■ Data records
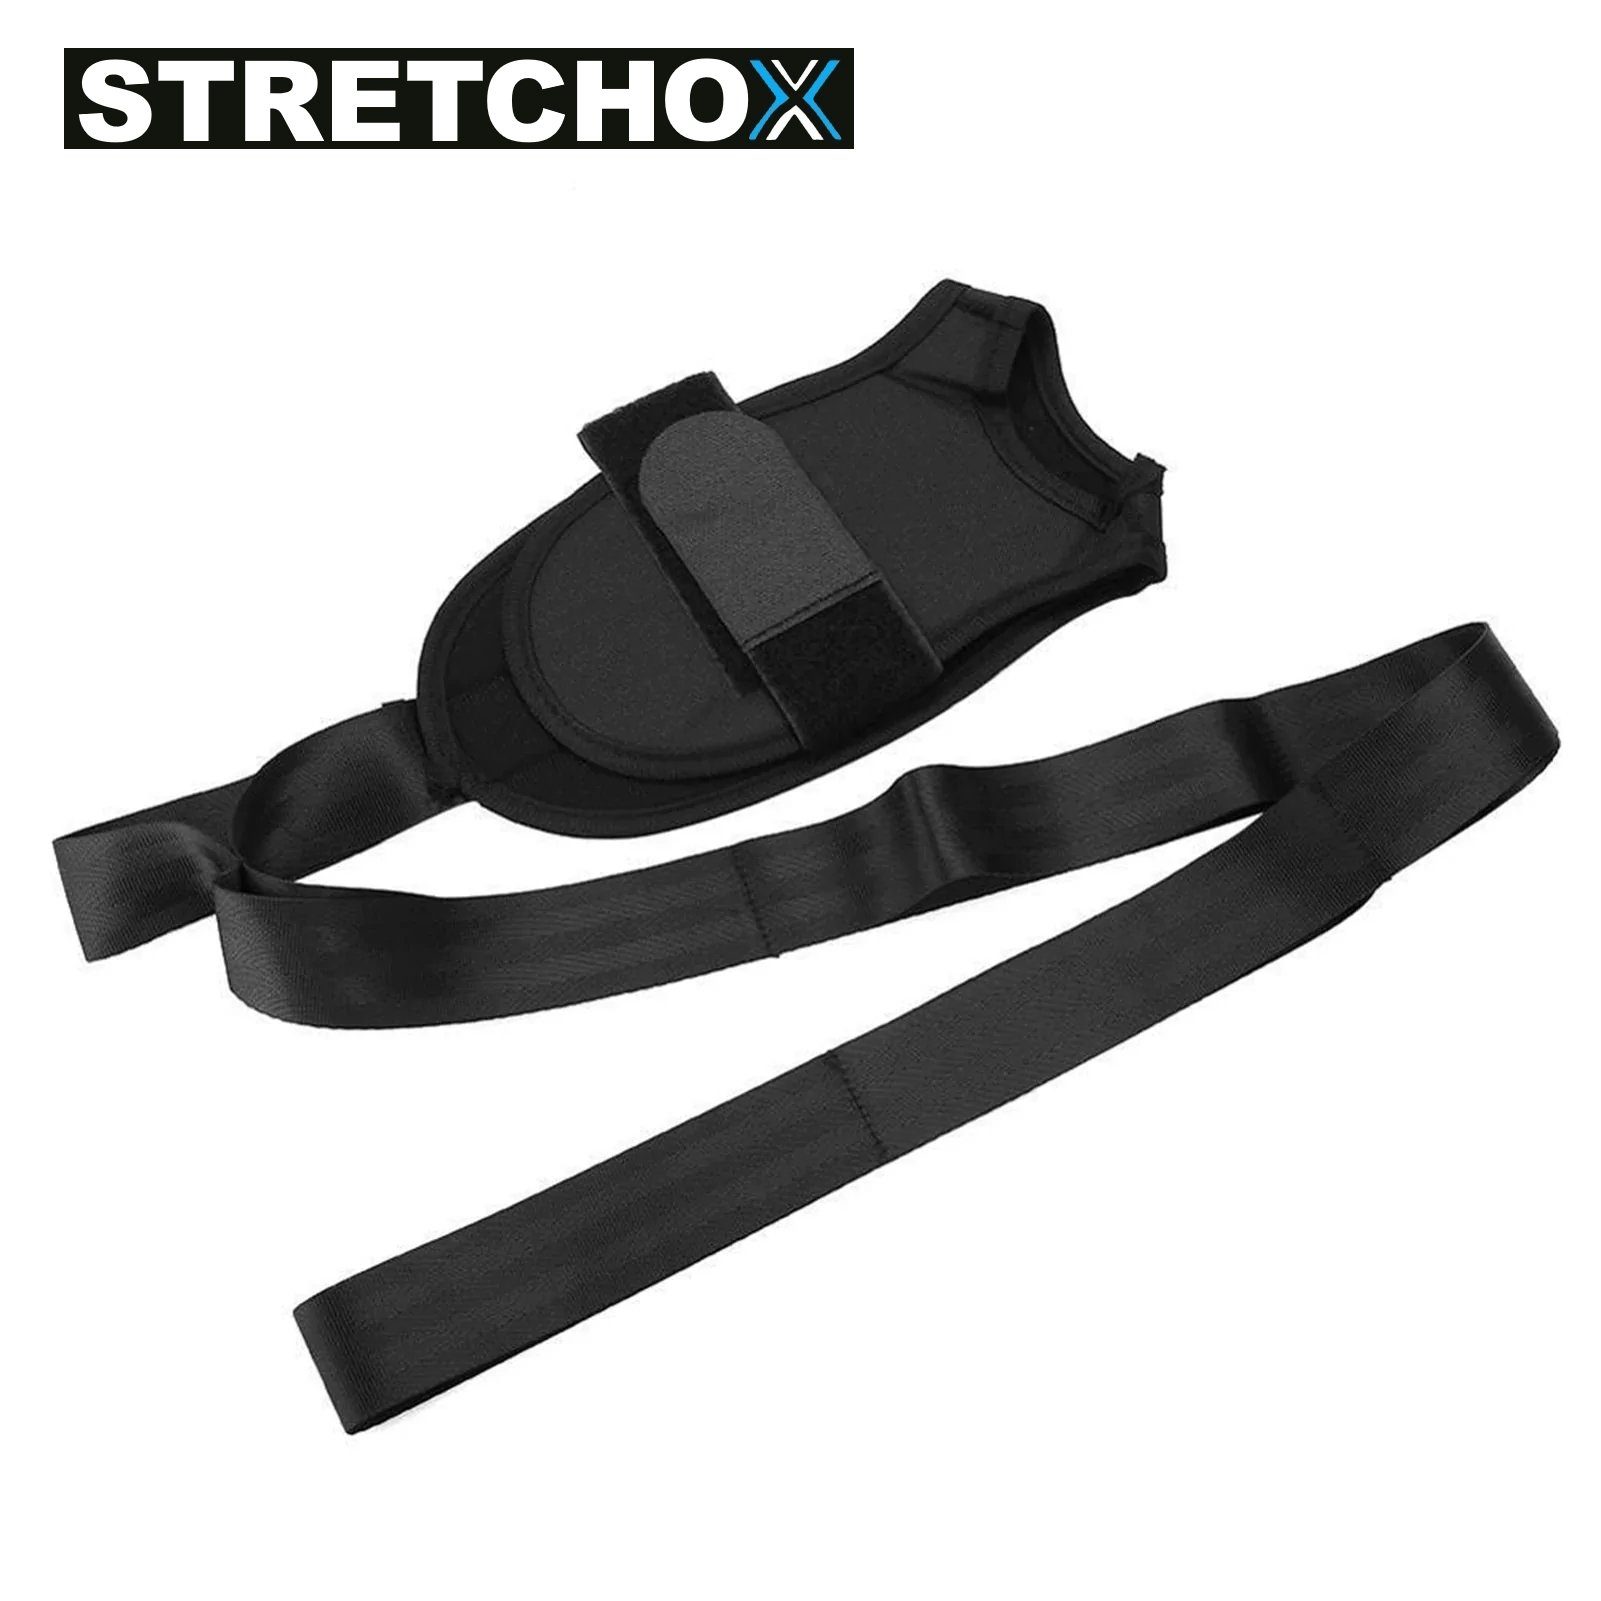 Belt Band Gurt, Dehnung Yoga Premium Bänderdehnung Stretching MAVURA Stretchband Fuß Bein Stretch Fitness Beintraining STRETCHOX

==

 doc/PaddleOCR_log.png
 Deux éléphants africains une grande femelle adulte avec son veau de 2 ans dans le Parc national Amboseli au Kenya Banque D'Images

■ Instructions to follow
Retype only the stretch of lines above starting at the one with "doc/PaddleOCR_log.png" and stopping at the one with "Deux éléphants africains", exactly as written, with both kept.

■ Task response
 doc/PaddleOCR_log.png
 Deux éléphants africains une grande femelle adulte avec son veau de 2 ans dans le Parc national Amboseli au Kenya Banque D'Images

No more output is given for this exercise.